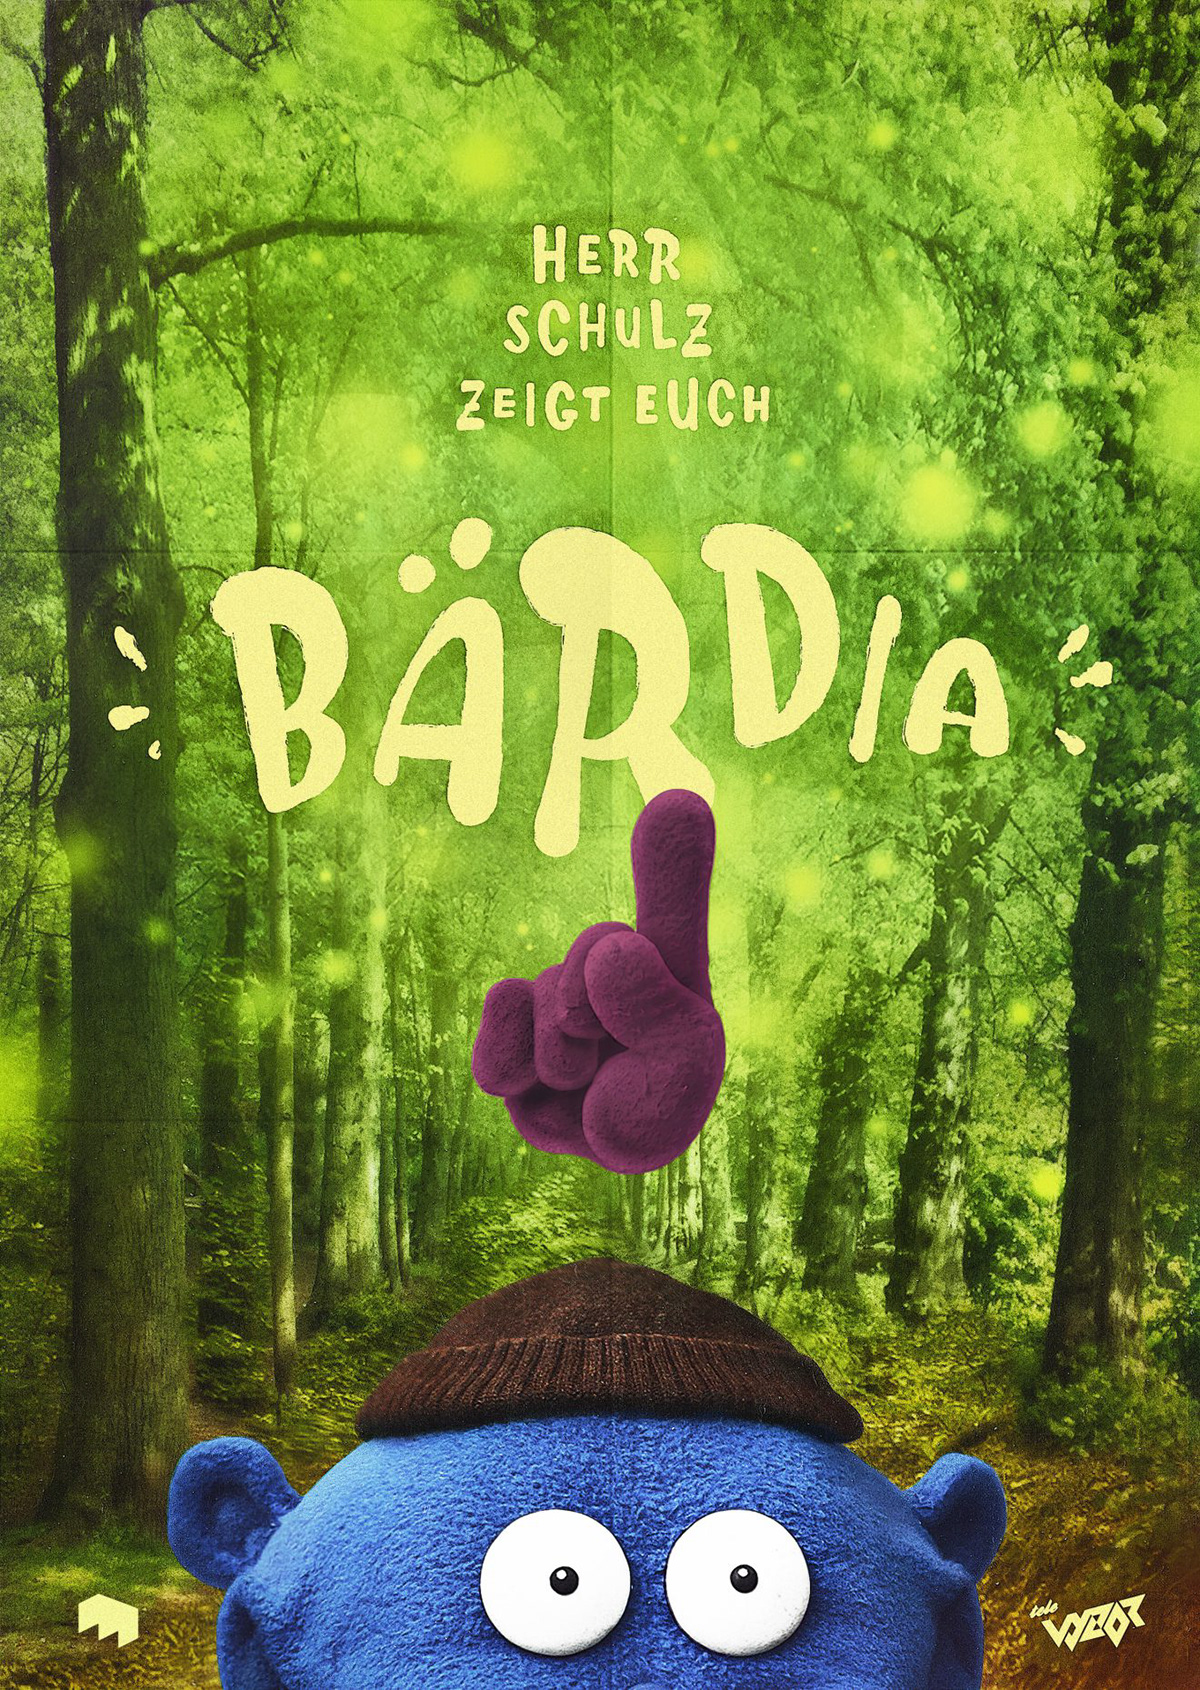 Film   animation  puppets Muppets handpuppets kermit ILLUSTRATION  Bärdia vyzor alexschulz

◆ ◆ ◆ ◆

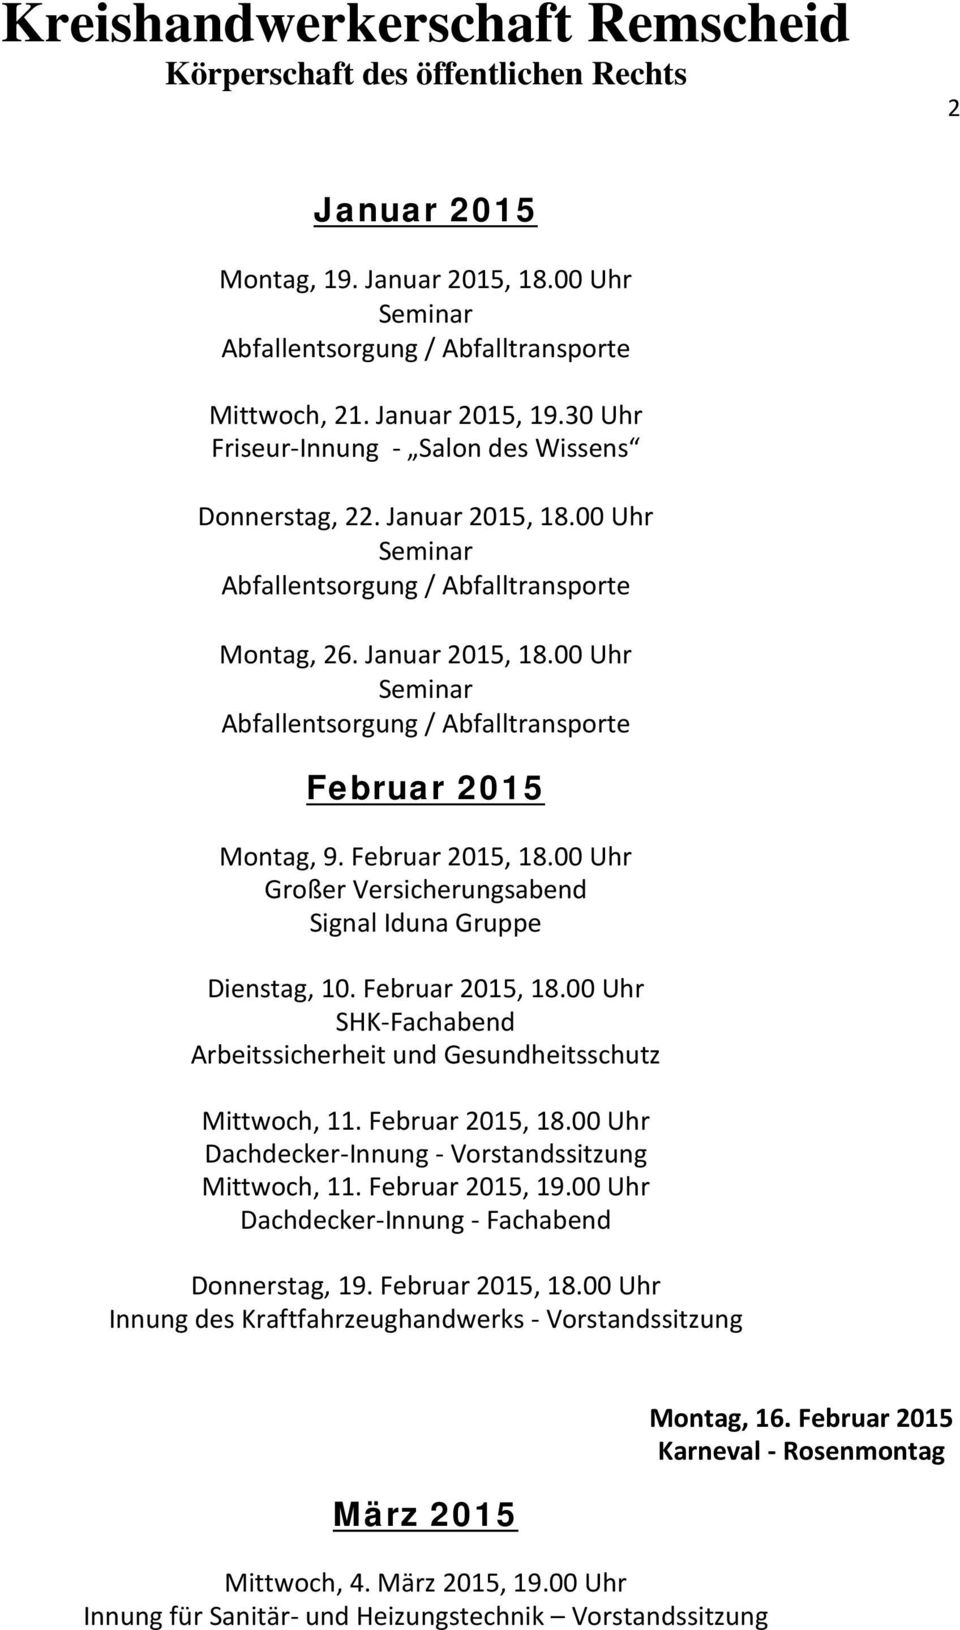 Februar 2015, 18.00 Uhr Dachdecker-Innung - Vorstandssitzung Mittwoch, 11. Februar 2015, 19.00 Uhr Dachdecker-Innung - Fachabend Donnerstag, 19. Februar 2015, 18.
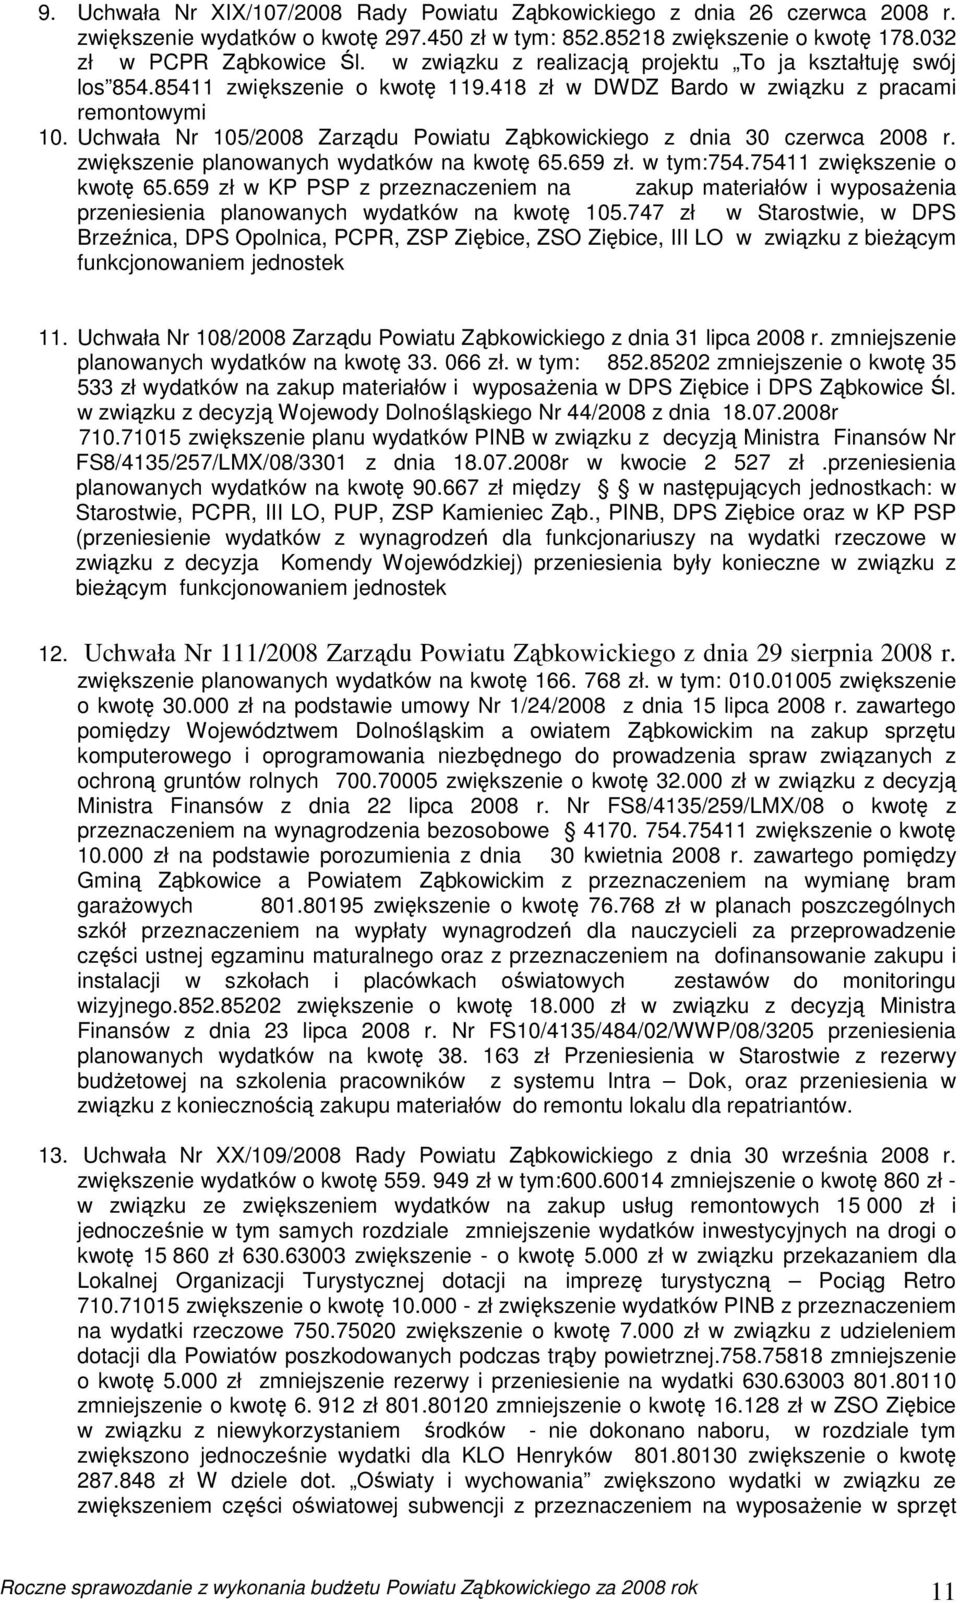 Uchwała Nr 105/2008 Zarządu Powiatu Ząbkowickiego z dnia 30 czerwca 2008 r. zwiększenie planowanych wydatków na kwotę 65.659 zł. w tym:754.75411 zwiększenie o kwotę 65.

◆ ◆ ◆ ◆

Would you write out exactly the lines above, starting at the line containing "Februar 2015, 18.00" and stopping after the line containing "Uchwała Nr 105/2008"? Omit the pictures.

 Februar 2015, 18.00 Uhr Dachdecker-Innung - Vorstandssitzung Mittwoch, 11. Februar 2015, 19.00 Uhr Dachdecker-Innung - Fachabend Donnerstag, 19. Februar 2015, 18.
 Uchwała Nr 105/2008 Zarządu Powiatu Ząbkowickiego z dnia 30 czerwca 2008 r. zwiększenie planowanych wydatków na kwotę 65.659 zł. w tym:754.75411 zwiększenie o kwotę 65.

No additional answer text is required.